In how many permutations do the letters H, E, C and N appear in that order, but not necessarily consecutively?

Help! I don't even know where to start with this question, can someone give me a leadway??

First - consider HEC as the first three letters, in positions 1, 2, and 3. Then N can be in position 4, or 5, or 6, or... or 12 or 13. That's a total of 10 choices.
Now consider HE as the first two letters, skip position 3 (it gets one of the other letters M, A, T or I) and put C in position 4. Then N can be in position 5, or 6, or... or 12 , or 13, for a total of 9 choices.

Continue this line of thinking, and you see that for HE in positions 1 and 2, the total number of possibilities is:
$ 10 + 9 + ..+ 1 = \displaystyle \sum _{i=1} ^ {10} i $

Now consider H as the first letter, skip position 2, and put E in position 3. Using the above logic, the total number of choices for C and N is $\displaystyle \sum _{i=1} ^ 9 i$ . See the pattern?
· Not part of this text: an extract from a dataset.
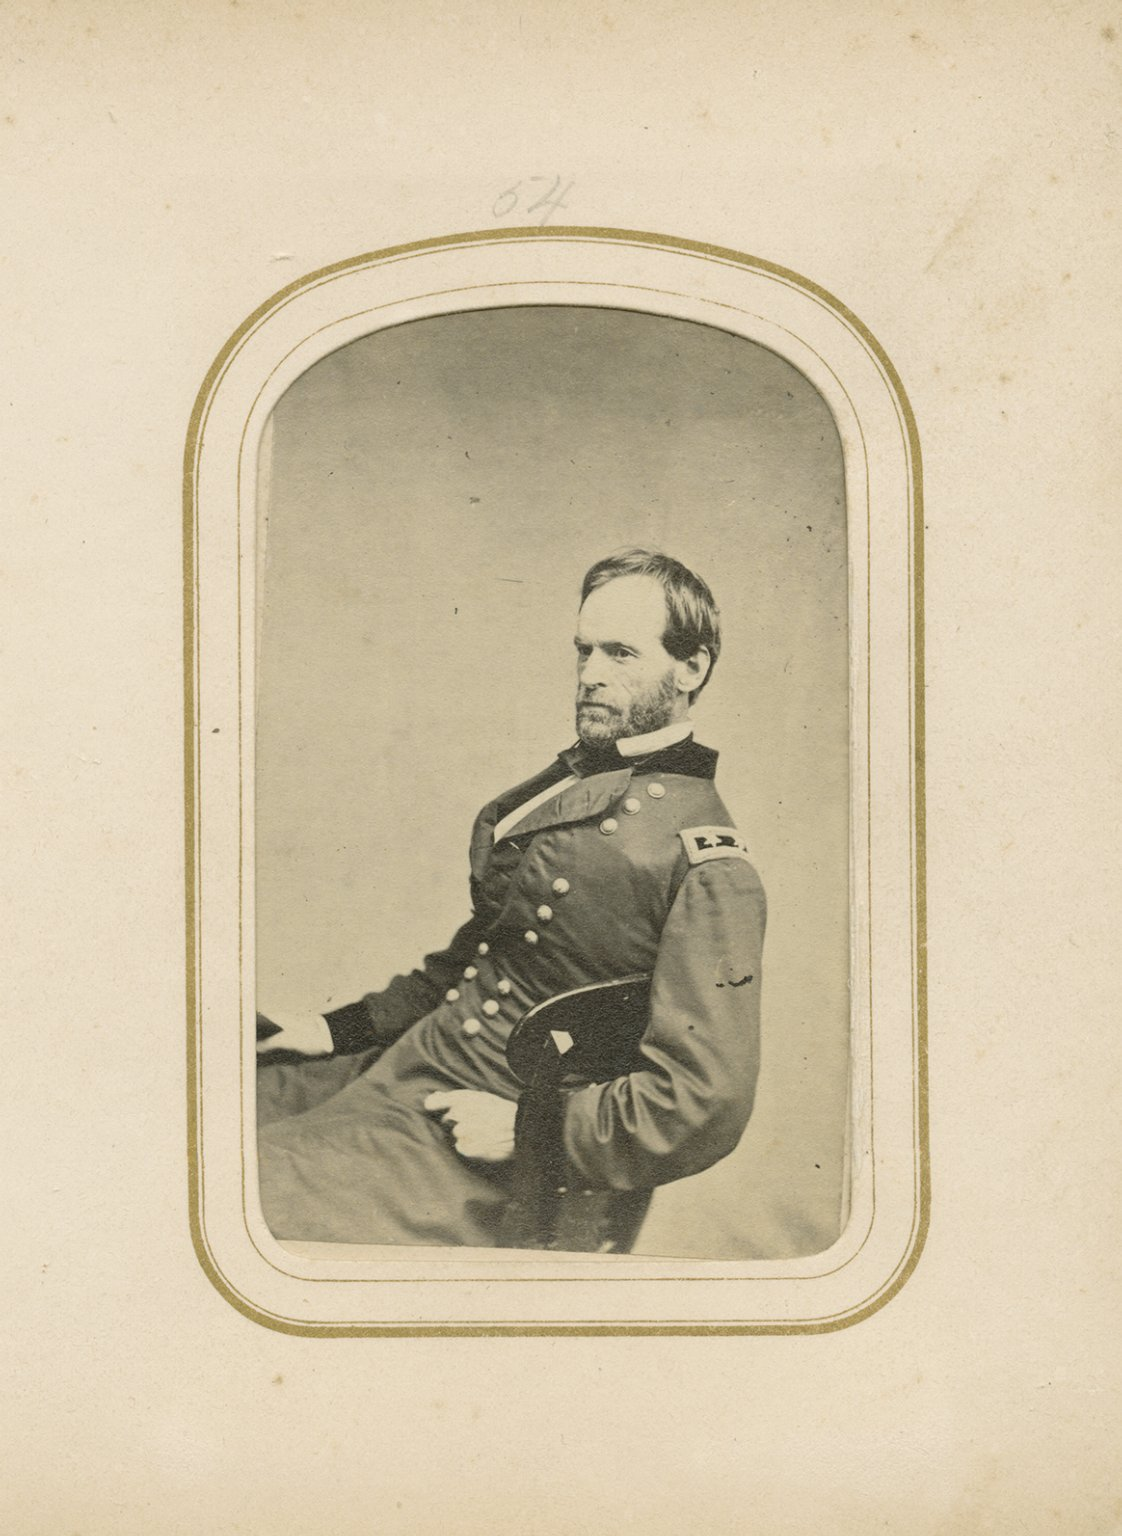 Gen. William Tecumseh Sherman

Continuing on: for H in the first position the total possibilities are:

$ \displaystyle \sum _{i=1} ^ {10} i + \sum _ {i=1} ^ 9 i + ... + \sum _ {i=1} ^ 1 i $

Now repeat with H in position 2. By the above reasoning the posibilities are:
$ \displaystyle \sum_{i=1} ^9 i + \sum _{i=1} ^ 8 i + ... + \sum_{i=1} ^ 1 i$

Can you take it from here?

But I'm in a class that's working on permuations, and that's not the way you approach it, that's working with sums.

Here's another way to do it - figure out the total number of ways that the 13 letters can be arranged without duplicates (hint - take care with the fact that there are duplictate letters: 3 AS's, 2 T's, 2 I's, and 2 M's), then divide by the number of ways that H,E,C, and N can be arranged (since only one of those arangments is allowed). Post back and tell us how you're doing with this.

okay, so figuring out the number of ways that the 13 letters can be arranged would be:

13!/3!2!2!2!. then with that value, divide by the number of ways that H, E, C and N can be arranged would be 4!

so the answer is 5405400?

Quote:

Originally Posted by chemistrynerd12

so the answer is 5405400?

Yes - I believe that is correct.

I see now that I made an error in my first posting. The process I used shows how many ways the letters H, E, C, and N can be positioned in a 13-letter word, but I forgot that for each of those arrangements there are a bunch of ways that the other letters (M,A, T and I) can be arranged. For example, one way to arrange them is:

HECNMMAAATTII,

And another is:

HECNMMAAATITI

Note that both have H,E,C and N in the same positions, but the other letters are arranged differently. So to account for this we have to multiply the summations that I talked about by the number of ways that M, A, I and T and I can be arranged, which is 9!/(3!2!2!2!). If you do this you get the same answer as you found. It's nice to know that through two different methods we arrive at the same answer!

Okay, yes that makes sense, wow what a confusing question.
I wouldn't had gotten and understood the answer without your help.

Thank you!